Pada saat perang Badar, Rasulullah SAW berpesan agar tidak
menyakiti dua orang Quraisy dari pasukan kafir yang dipaksa berperang melawan
Islam. Dua orang itu adalah Abbas bin Abdul Muttalib dan Abul Bakhtari bin
Hisyam.
“Sesungguhnya ada beberapa orang dari keluarga Bani Hasyim
dan yang buka Bani Hasyim yang keluar dipaksa berperang, padahal sebenarnya
mereka tidak hendak memerangi kita, oleh sebab itu siapa di antara kamu yang
menemukannya, maka janganlah ia membunuhnya. Siapa yang bertemu dengan Abul
Bakhtari bin Hisyam bin Harits bin Asad janganlah membunuhnya. Dan siapa yang
bertemu dengan Abbas bin Abdul Muttalib jangan membunuhnya karena orang itu
dipaksa ikut berperang!”
Siapakah orang-orang itu sampai mendapat perlindungan
Rasulullah SAW? Abdul Bakhtari bin
Hisyam adalah orang berusaha menutupi keislamannya dan tak pernah pergi
berkumpul dengan pembesar Quraisy. Demikian pula Abbas bin Abdul Muttalib.
Siapakah beliau?
“Itulah orangtuaku yang masih ada,” demikian Rasulullah SAW
mengungkapkan perihal siapa Abbas bin Abdul Muttalib. Abbas adalah paman
Rasulullah SAW sebagaimana halnya Hamzah Abdul Muttalib. Namun, Abbas berumur hampir sepantaran dengan Rasulullah
SAW. Mereka tumbuh dan besar bersama. Abbas dikenal oleh suku Quraisy sebagai
pribadi yang pemurah dan ramah.
Abbas tidak mengumumkan keislamannya sampai tahun pembebasan
kota Mekah. Para ahli sejarah memandang Abbas sebagai orang yang belakangan
masuk Islam, tetapi riwayat lain dalam sejarah memberitakan bahwa ia termasuk
orang-orang Islam angkatan pertama, hanya saja menyembunyikan keislamannya itu.

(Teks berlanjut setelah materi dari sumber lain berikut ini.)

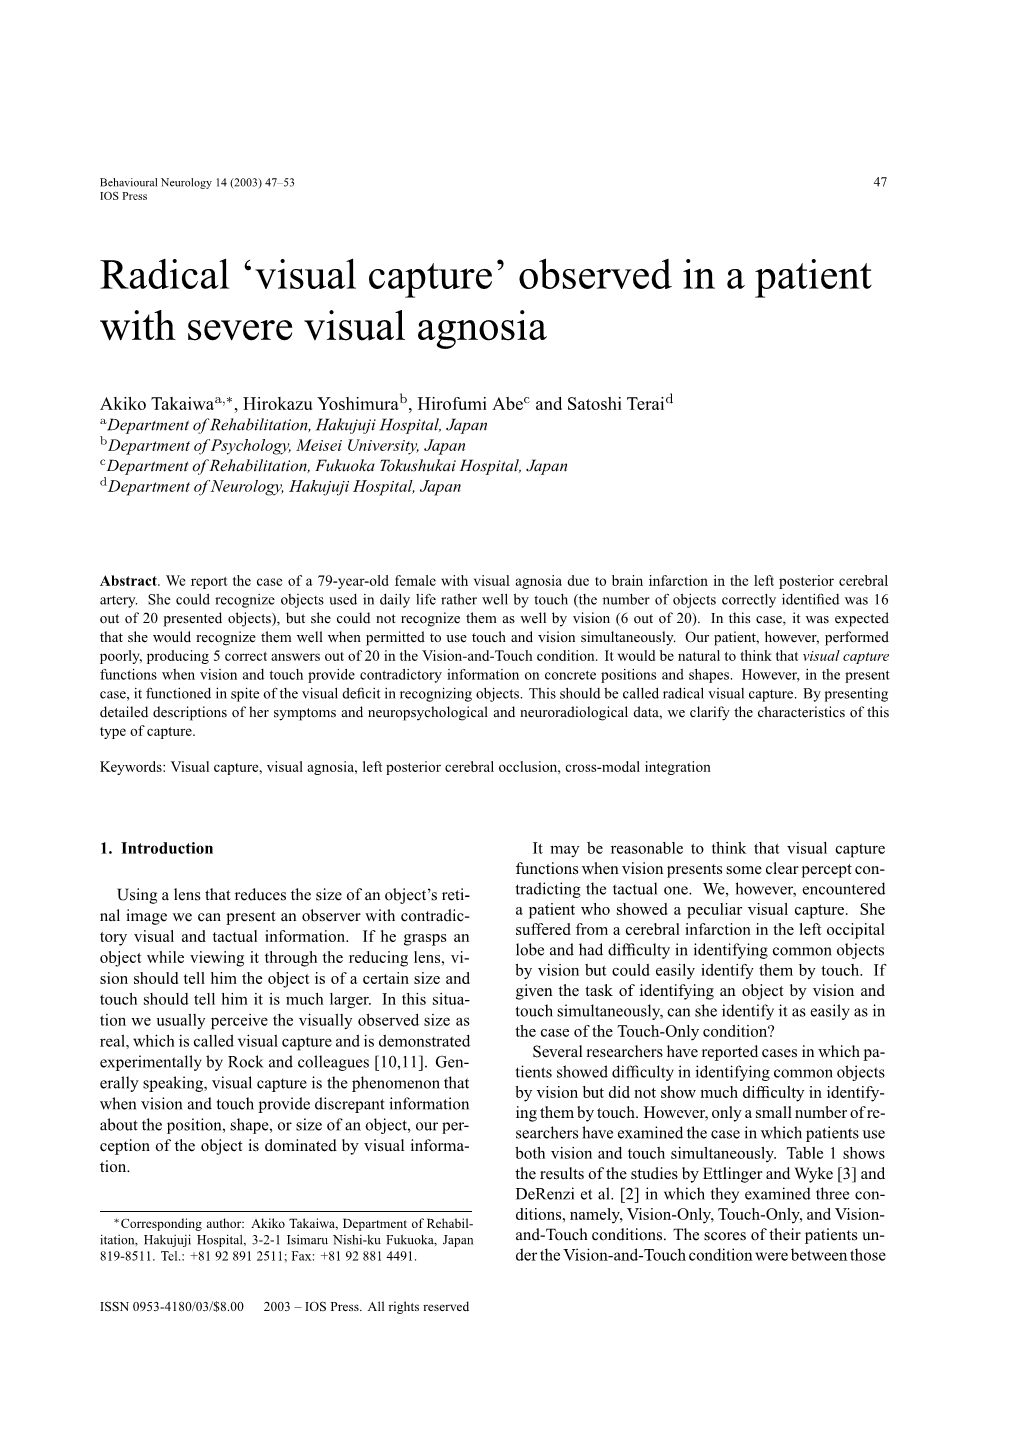 Radical 'Visual Capture' Observed in a Patient
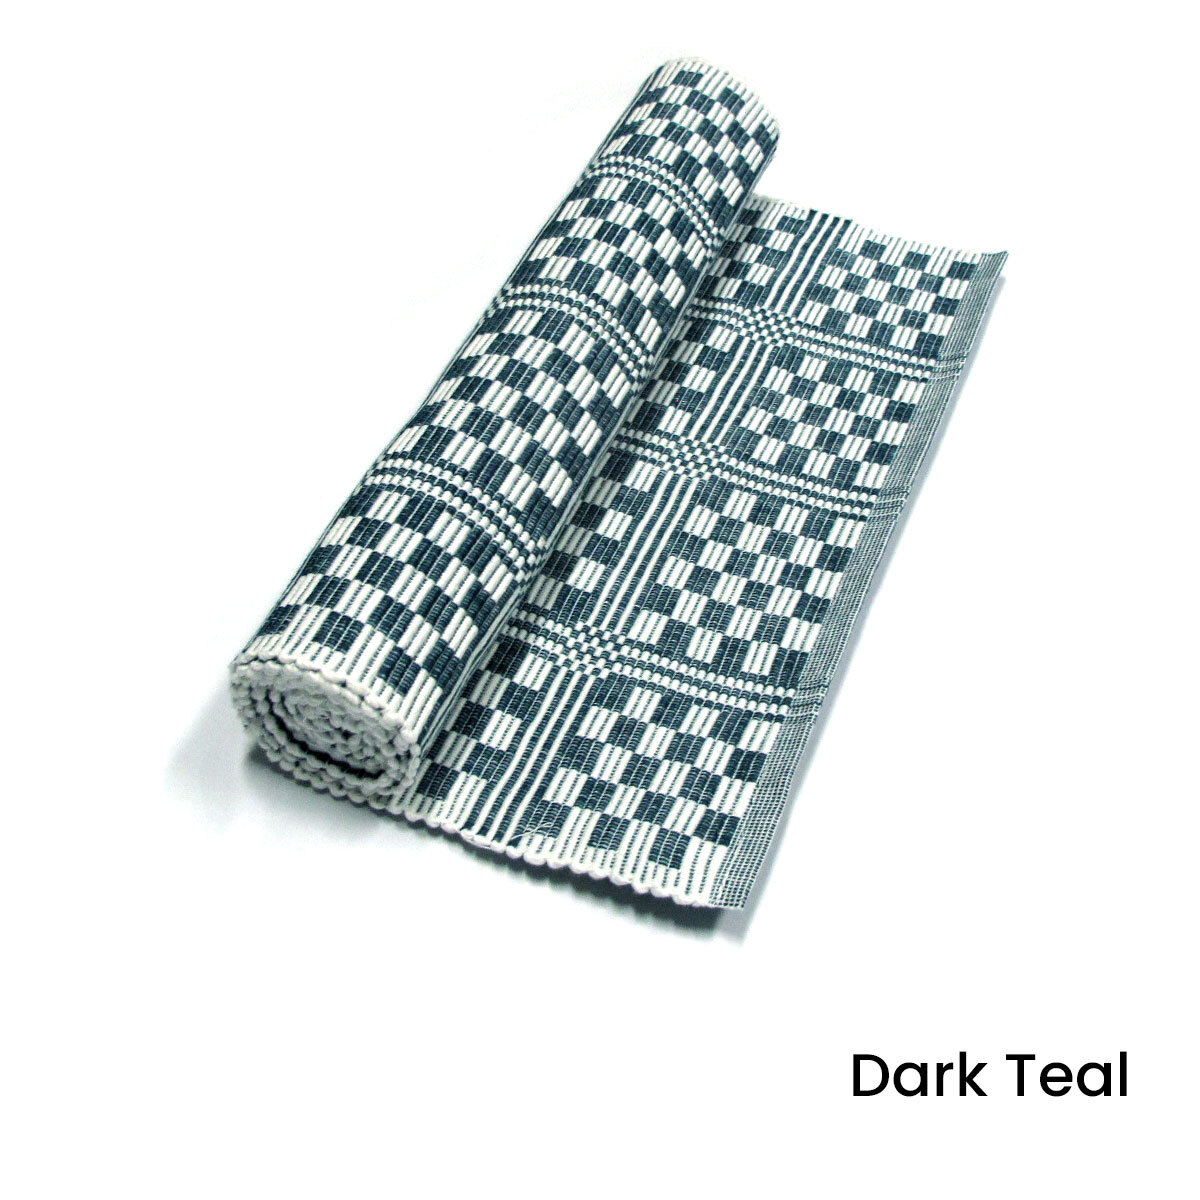 Checkered Cotton Ribbed Table Runner 33 x 150 cm Dark Teal

Abu Rafi, khadam Rasulullah SAW, berkata, “Aku adalah
suruhan (pelayan) bagi Abbas bin Abdul MUttalib, dan waktu itu Islam telah
masuk kepada kami, ahli bait, keluarga nabi, maka Abbas pun masuk Islam begitu
pula Ummul Fadl, dan aku juga masuk, hanya Abbas menyembunyikan keislamannya.”
Inilah letak kecerdasan Abbas bin Abdul Muttalib.
Orang-orang Quraisy Mekah yang sudah mencurigai keislamannya tak mampu
melakukan apapun padanya. Abbas juga menjadi pemberi informasi bagi Rasulullah
di Madinah mengenai kegiatan orang Quraisy di Mekah. Sampai saatnya perang
Badar, ia tak memiliki pilihan lain karena pemimpin Quraisy menguji siapa-siapa
yang memihak mereka.
Usai perang Badar yang berakhir dengan kekalahan kaum
kafirin kala itu, Abbas menjadi tahanan kaum muslimin. Namun, Rasulullah SAW
tak sanggup tidur memikirkan hal ini. Ia mengingat pamannya berada di tahanan
bersama tahanan yang lain. Dalam suara pelan Rasulullah SAW berlirih, “Serasa
terdengar olehku rintihan Abbas dalam belenggu…”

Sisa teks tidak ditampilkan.